THE DATA:
+++
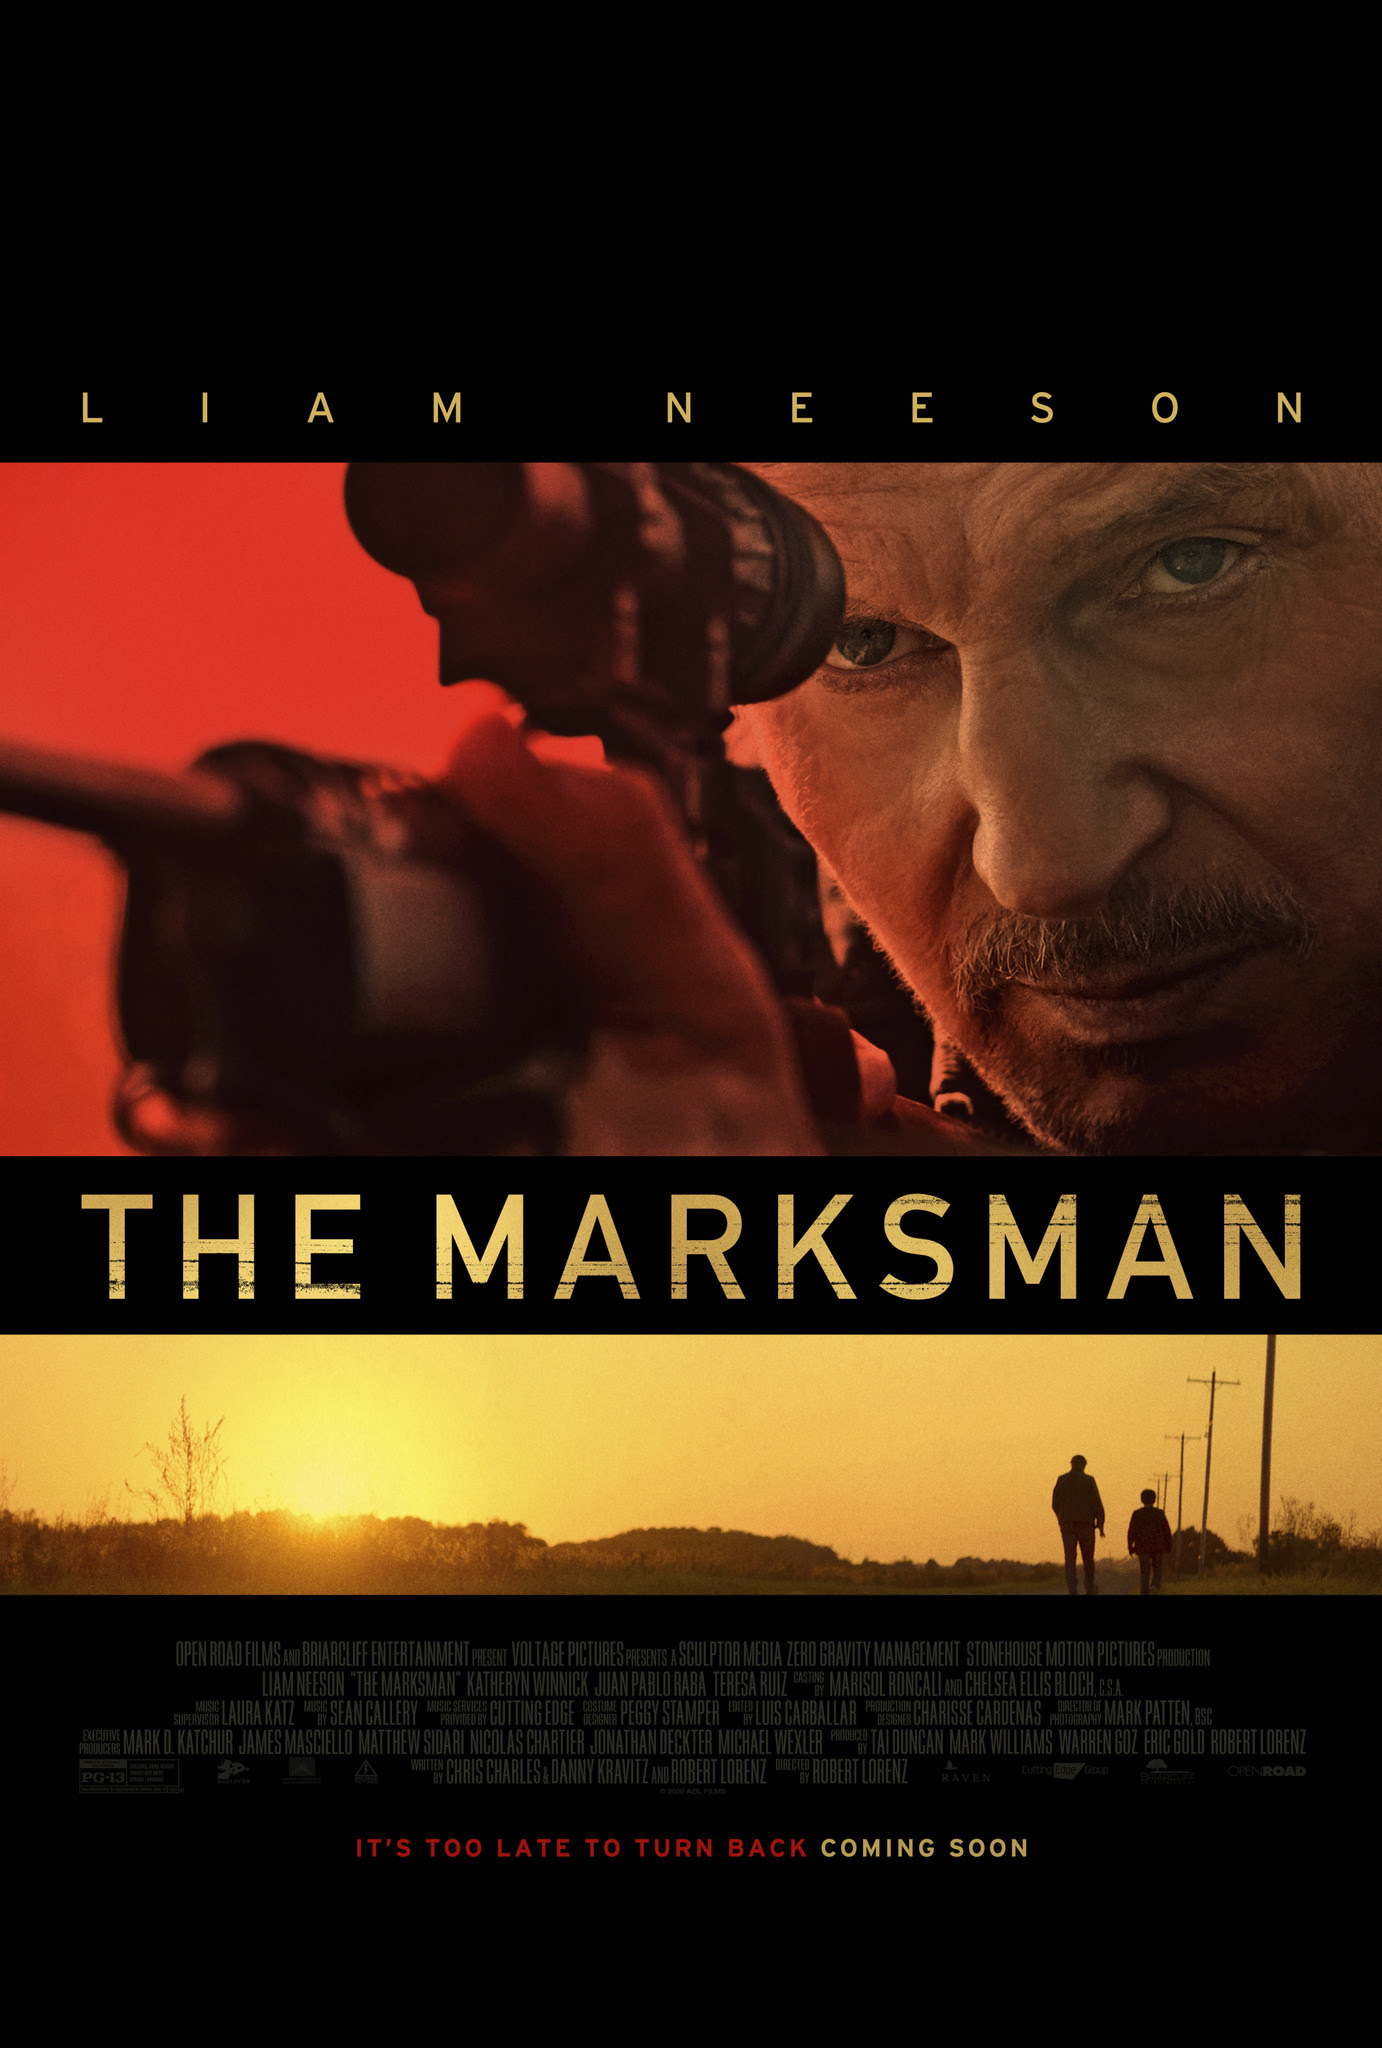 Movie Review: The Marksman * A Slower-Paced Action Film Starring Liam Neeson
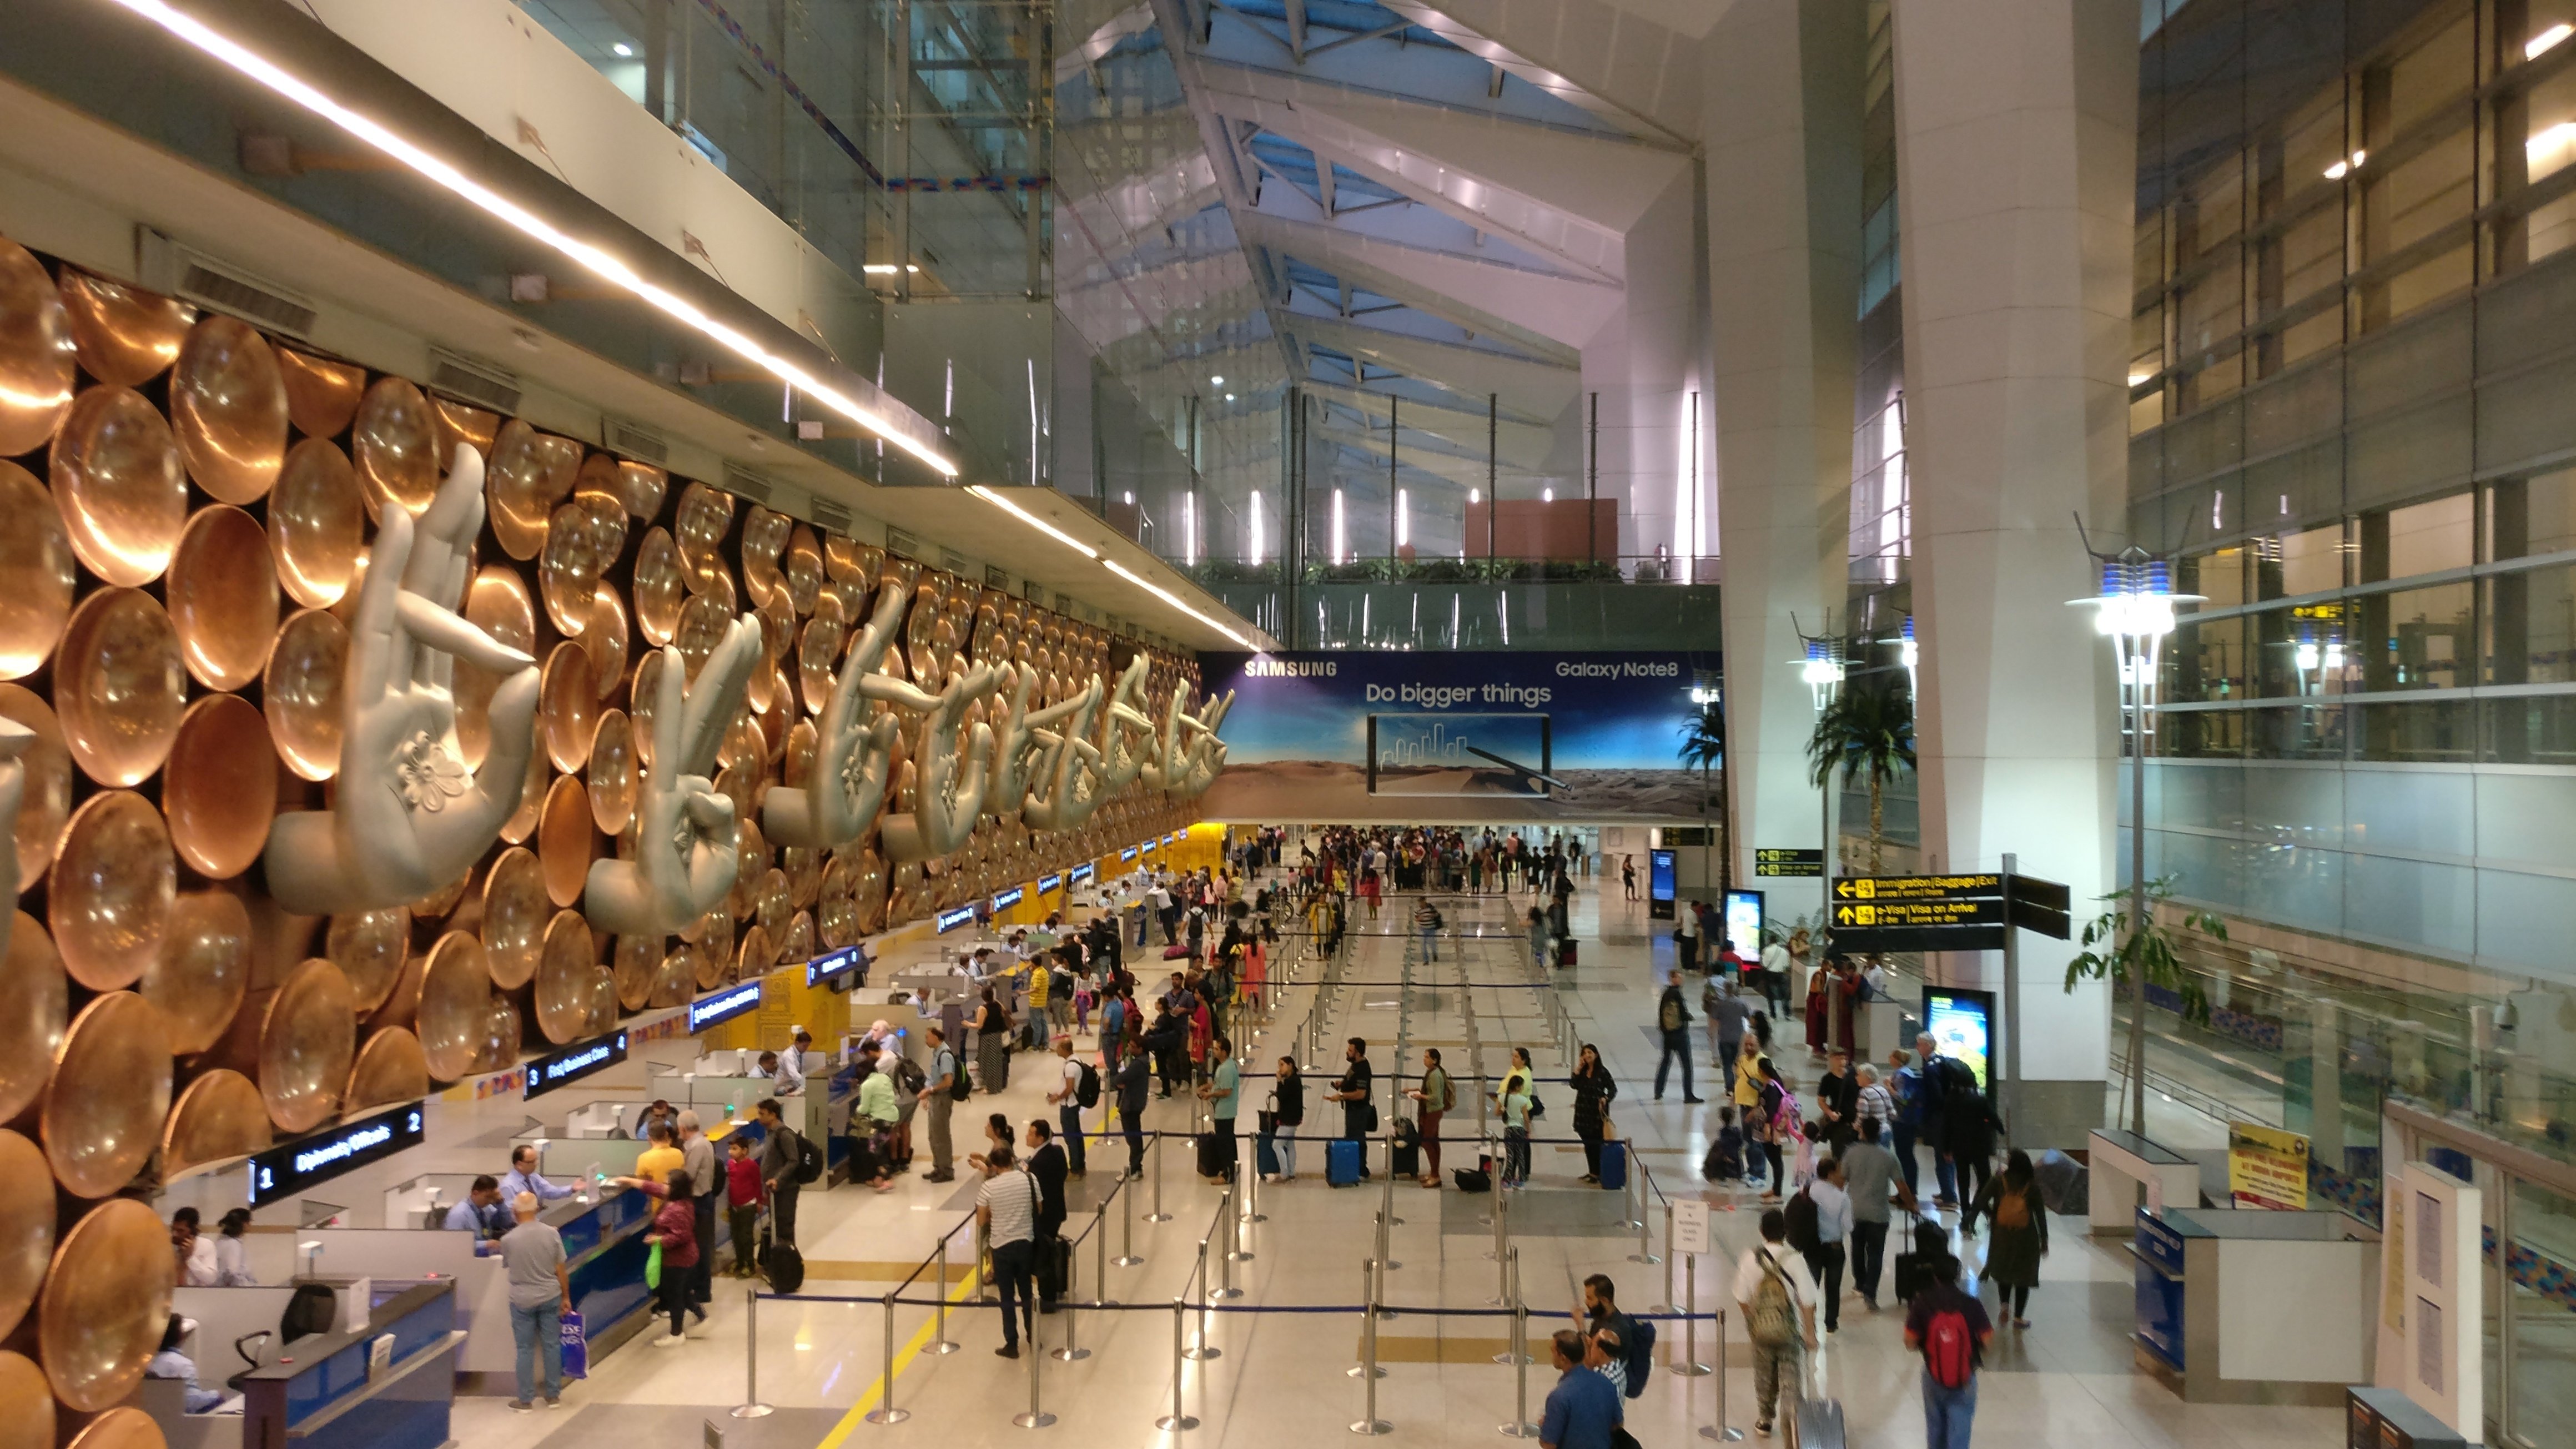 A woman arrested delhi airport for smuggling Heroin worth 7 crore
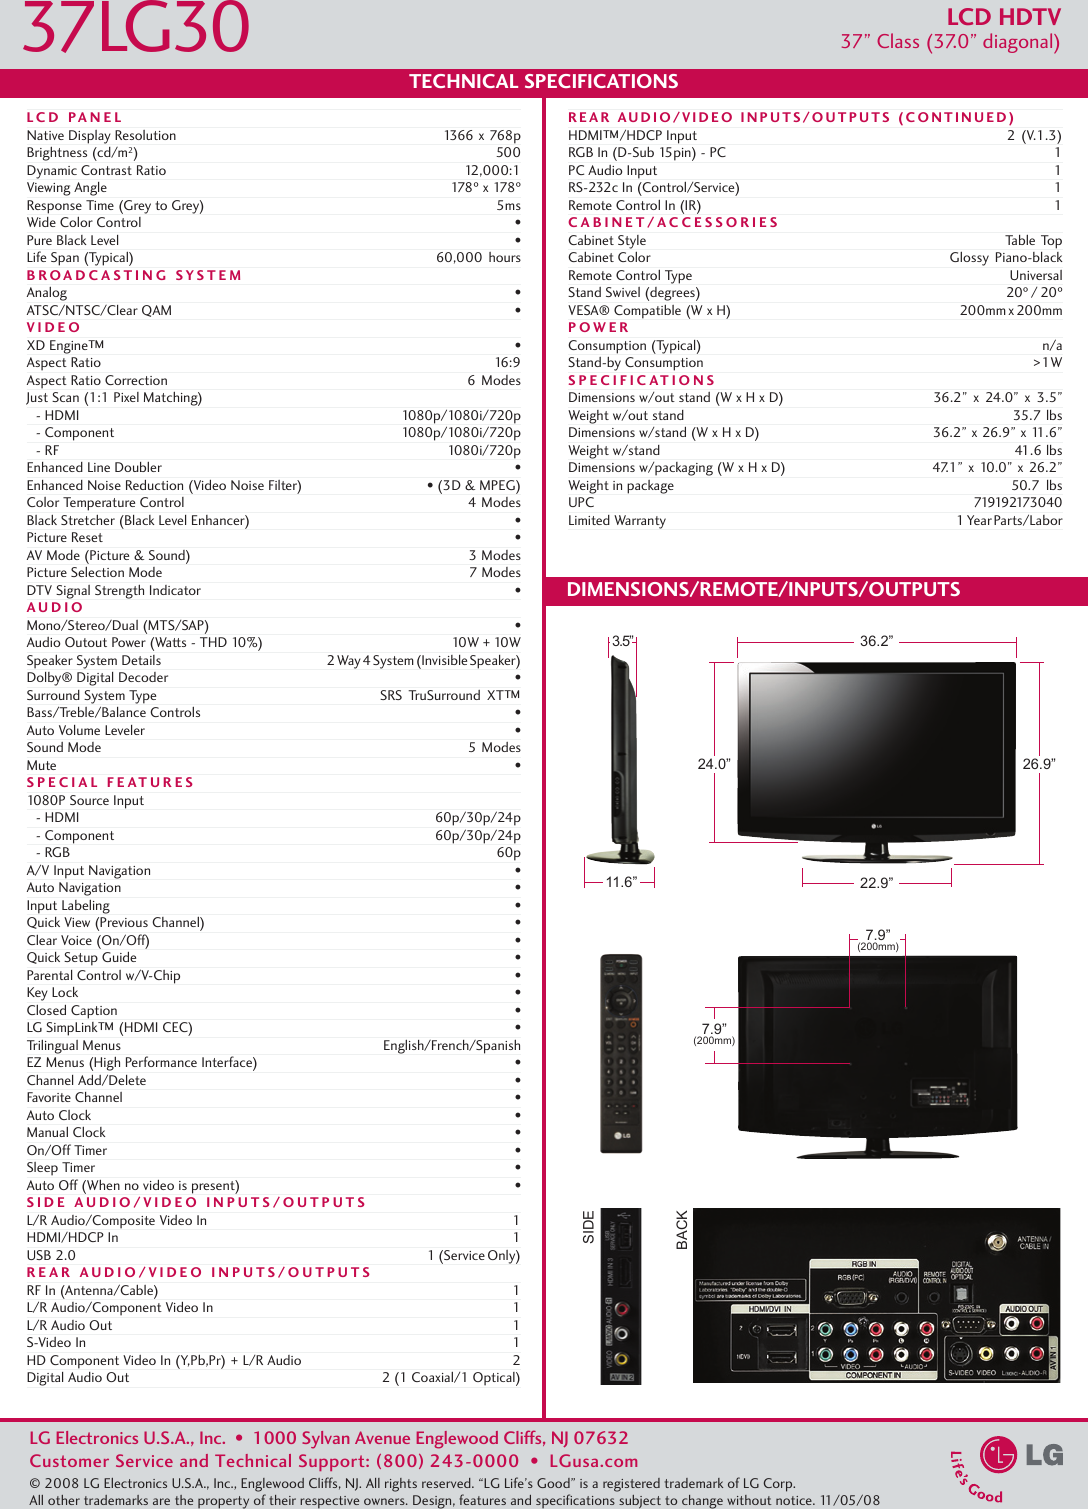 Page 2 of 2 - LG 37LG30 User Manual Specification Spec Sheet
+++
TRY IT:
Copy the listing above verbatim; the pictures it contains are to stay out.

COMPLETED TASK:
 Movie Review: The Marksman * A Slower-Paced Action Film Starring Liam Neeson
 A woman arrested delhi airport for smuggling Heroin worth 7 crore
 Page 2 of 2 - LG 37LG30 User Manual Specification Spec Sheet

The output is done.